## PROBLEM REQUIREMENTS
Nothing outside the range below should be printed. Output exactly the lines from the line with "Dobos Kuchen auf" to the line with "Vintage Sterling Silver, Moonstone", both included.

## GIVEN RECORDS
========

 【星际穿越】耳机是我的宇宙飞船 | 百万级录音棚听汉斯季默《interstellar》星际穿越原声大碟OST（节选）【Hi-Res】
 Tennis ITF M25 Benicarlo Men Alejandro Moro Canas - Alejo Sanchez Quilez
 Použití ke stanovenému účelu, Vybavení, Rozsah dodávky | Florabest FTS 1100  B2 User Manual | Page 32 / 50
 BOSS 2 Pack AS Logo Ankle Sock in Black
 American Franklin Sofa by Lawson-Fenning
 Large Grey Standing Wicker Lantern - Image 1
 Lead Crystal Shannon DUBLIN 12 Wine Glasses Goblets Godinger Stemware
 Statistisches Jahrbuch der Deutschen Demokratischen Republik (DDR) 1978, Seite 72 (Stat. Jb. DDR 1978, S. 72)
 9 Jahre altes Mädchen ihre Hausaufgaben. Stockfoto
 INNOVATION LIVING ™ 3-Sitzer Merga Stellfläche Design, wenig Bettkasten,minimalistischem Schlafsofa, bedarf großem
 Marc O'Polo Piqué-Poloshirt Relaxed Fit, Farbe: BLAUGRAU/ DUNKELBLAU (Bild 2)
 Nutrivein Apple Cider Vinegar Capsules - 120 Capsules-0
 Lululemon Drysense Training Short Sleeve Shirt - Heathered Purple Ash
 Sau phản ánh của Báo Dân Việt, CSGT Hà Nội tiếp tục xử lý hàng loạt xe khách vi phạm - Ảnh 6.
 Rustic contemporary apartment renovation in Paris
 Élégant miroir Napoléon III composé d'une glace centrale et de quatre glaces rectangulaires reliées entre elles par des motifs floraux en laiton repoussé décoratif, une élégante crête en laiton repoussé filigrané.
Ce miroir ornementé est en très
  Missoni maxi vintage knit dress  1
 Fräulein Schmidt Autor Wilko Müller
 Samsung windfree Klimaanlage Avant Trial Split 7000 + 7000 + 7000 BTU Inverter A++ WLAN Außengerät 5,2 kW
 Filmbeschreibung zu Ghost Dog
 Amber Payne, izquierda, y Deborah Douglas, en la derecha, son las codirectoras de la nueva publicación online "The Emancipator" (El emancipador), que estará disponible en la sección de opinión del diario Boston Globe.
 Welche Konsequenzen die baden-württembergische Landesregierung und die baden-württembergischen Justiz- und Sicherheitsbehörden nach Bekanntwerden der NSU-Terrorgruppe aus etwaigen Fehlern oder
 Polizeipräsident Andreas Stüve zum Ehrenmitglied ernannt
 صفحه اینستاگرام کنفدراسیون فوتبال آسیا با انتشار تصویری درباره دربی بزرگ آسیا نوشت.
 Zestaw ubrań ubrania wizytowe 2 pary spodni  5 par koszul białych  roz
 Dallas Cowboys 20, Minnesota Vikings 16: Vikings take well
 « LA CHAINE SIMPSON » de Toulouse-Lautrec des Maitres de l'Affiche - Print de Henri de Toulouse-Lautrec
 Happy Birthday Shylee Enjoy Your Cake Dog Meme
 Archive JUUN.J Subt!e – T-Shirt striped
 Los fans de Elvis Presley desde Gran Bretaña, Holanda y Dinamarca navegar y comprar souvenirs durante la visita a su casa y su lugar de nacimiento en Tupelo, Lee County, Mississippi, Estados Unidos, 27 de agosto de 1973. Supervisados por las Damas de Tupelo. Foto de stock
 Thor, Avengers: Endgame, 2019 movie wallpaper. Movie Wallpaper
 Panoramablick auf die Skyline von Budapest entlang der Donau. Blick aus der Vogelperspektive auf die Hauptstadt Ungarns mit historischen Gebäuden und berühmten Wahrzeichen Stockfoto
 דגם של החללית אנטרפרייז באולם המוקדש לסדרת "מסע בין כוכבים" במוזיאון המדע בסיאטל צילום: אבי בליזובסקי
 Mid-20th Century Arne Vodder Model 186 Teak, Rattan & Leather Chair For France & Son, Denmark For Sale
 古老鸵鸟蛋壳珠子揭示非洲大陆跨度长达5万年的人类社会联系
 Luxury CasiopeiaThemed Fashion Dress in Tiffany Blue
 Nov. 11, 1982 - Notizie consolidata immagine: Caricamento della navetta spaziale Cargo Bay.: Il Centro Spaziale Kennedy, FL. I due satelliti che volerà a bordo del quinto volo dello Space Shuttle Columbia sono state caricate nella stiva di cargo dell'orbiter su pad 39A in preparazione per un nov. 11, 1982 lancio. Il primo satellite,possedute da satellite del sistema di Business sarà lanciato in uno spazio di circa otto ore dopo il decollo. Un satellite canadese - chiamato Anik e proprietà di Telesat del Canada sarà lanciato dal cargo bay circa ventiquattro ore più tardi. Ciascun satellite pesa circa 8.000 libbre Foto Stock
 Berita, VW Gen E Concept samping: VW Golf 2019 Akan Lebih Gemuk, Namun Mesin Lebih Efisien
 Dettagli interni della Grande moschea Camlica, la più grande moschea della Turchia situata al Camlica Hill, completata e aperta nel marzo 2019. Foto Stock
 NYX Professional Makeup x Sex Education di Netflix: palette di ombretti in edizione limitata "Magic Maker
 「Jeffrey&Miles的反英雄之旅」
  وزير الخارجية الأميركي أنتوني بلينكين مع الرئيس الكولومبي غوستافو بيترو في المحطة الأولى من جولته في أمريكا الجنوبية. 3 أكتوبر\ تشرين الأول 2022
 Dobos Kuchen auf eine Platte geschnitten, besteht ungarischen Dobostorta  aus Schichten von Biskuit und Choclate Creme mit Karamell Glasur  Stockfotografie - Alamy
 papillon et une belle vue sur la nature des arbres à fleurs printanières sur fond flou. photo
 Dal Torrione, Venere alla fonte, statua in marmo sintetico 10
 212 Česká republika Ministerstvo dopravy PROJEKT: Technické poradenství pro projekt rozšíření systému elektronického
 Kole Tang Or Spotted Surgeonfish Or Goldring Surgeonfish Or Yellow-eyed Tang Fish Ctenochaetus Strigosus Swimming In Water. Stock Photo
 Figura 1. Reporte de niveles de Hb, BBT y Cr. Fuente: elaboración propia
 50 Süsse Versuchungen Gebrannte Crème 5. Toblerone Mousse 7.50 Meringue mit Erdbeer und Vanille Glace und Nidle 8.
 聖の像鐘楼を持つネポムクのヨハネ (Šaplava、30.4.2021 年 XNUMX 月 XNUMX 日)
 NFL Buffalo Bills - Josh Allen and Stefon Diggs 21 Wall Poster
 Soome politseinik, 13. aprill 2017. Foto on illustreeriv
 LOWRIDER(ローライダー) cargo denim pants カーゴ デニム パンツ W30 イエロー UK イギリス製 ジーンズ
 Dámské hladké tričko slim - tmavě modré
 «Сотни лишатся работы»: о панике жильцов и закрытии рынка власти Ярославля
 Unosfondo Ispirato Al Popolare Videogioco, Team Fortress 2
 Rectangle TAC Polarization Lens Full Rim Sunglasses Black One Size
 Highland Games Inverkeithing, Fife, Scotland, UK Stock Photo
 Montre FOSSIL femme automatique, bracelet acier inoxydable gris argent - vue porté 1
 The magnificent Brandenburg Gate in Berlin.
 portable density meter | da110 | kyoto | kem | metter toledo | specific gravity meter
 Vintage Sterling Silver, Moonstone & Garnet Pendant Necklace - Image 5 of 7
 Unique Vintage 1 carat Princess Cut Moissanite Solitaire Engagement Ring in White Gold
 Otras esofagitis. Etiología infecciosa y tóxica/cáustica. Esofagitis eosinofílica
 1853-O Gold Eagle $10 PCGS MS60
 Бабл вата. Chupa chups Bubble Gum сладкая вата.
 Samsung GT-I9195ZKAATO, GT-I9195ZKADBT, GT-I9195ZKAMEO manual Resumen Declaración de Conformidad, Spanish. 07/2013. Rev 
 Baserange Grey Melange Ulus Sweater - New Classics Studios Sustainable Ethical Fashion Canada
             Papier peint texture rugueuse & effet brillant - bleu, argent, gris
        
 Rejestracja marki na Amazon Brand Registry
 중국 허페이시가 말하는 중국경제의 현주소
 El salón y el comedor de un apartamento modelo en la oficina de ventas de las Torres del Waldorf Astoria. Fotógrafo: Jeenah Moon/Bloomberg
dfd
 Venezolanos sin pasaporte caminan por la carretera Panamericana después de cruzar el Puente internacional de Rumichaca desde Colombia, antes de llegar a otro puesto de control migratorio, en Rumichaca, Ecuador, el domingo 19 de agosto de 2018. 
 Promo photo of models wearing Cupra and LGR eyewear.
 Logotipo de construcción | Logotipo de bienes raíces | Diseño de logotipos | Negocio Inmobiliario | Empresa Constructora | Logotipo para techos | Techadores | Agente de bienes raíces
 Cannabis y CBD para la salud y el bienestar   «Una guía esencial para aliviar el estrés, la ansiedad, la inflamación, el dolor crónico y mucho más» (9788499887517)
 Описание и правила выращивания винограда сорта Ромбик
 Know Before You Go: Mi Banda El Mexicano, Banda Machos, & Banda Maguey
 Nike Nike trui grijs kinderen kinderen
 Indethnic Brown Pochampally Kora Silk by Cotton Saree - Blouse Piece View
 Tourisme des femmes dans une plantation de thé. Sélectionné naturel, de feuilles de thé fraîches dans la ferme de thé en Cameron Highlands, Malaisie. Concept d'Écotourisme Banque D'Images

========

## TASK OUTPUT
 Dobos Kuchen auf eine Platte geschnitten, besteht ungarischen Dobostorta  aus Schichten von Biskuit und Choclate Creme mit Karamell Glasur  Stockfotografie - Alamy
 papillon et une belle vue sur la nature des arbres à fleurs printanières sur fond flou. photo
 Dal Torrione, Venere alla fonte, statua in marmo sintetico 10
 212 Česká republika Ministerstvo dopravy PROJEKT: Technické poradenství pro projekt rozšíření systému elektronického
 Kole Tang Or Spotted Surgeonfish Or Goldring Surgeonfish Or Yellow-eyed Tang Fish Ctenochaetus Strigosus Swimming In Water. Stock Photo
 Figura 1. Reporte de niveles de Hb, BBT y Cr. Fuente: elaboración propia
 50 Süsse Versuchungen Gebrannte Crème 5. Toblerone Mousse 7.50 Meringue mit Erdbeer und Vanille Glace und Nidle 8.
 聖の像鐘楼を持つネポムクのヨハネ (Šaplava、30.4.2021 年 XNUMX 月 XNUMX 日)
 NFL Buffalo Bills - Josh Allen and Stefon Diggs 21 Wall Poster
 Soome politseinik, 13. aprill 2017. Foto on illustreeriv
 LOWRIDER(ローライダー) cargo denim pants カーゴ デニム パンツ W30 イエロー UK イギリス製 ジーンズ
 Dámské hladké tričko slim - tmavě modré
 «Сотни лишатся работы»: о панике жильцов и закрытии рынка власти Ярославля
 Unosfondo Ispirato Al Popolare Videogioco, Team Fortress 2
 Rectangle TAC Polarization Lens Full Rim Sunglasses Black One Size
 Highland Games Inverkeithing, Fife, Scotland, UK Stock Photo
 Montre FOSSIL femme automatique, bracelet acier inoxydable gris argent - vue porté 1
 The magnificent Brandenburg Gate in Berlin.
 portable density meter | da110 | kyoto | kem | metter toledo | specific gravity meter
 Vintage Sterling Silver, Moonstone & Garnet Pendant Necklace - Image 5 of 7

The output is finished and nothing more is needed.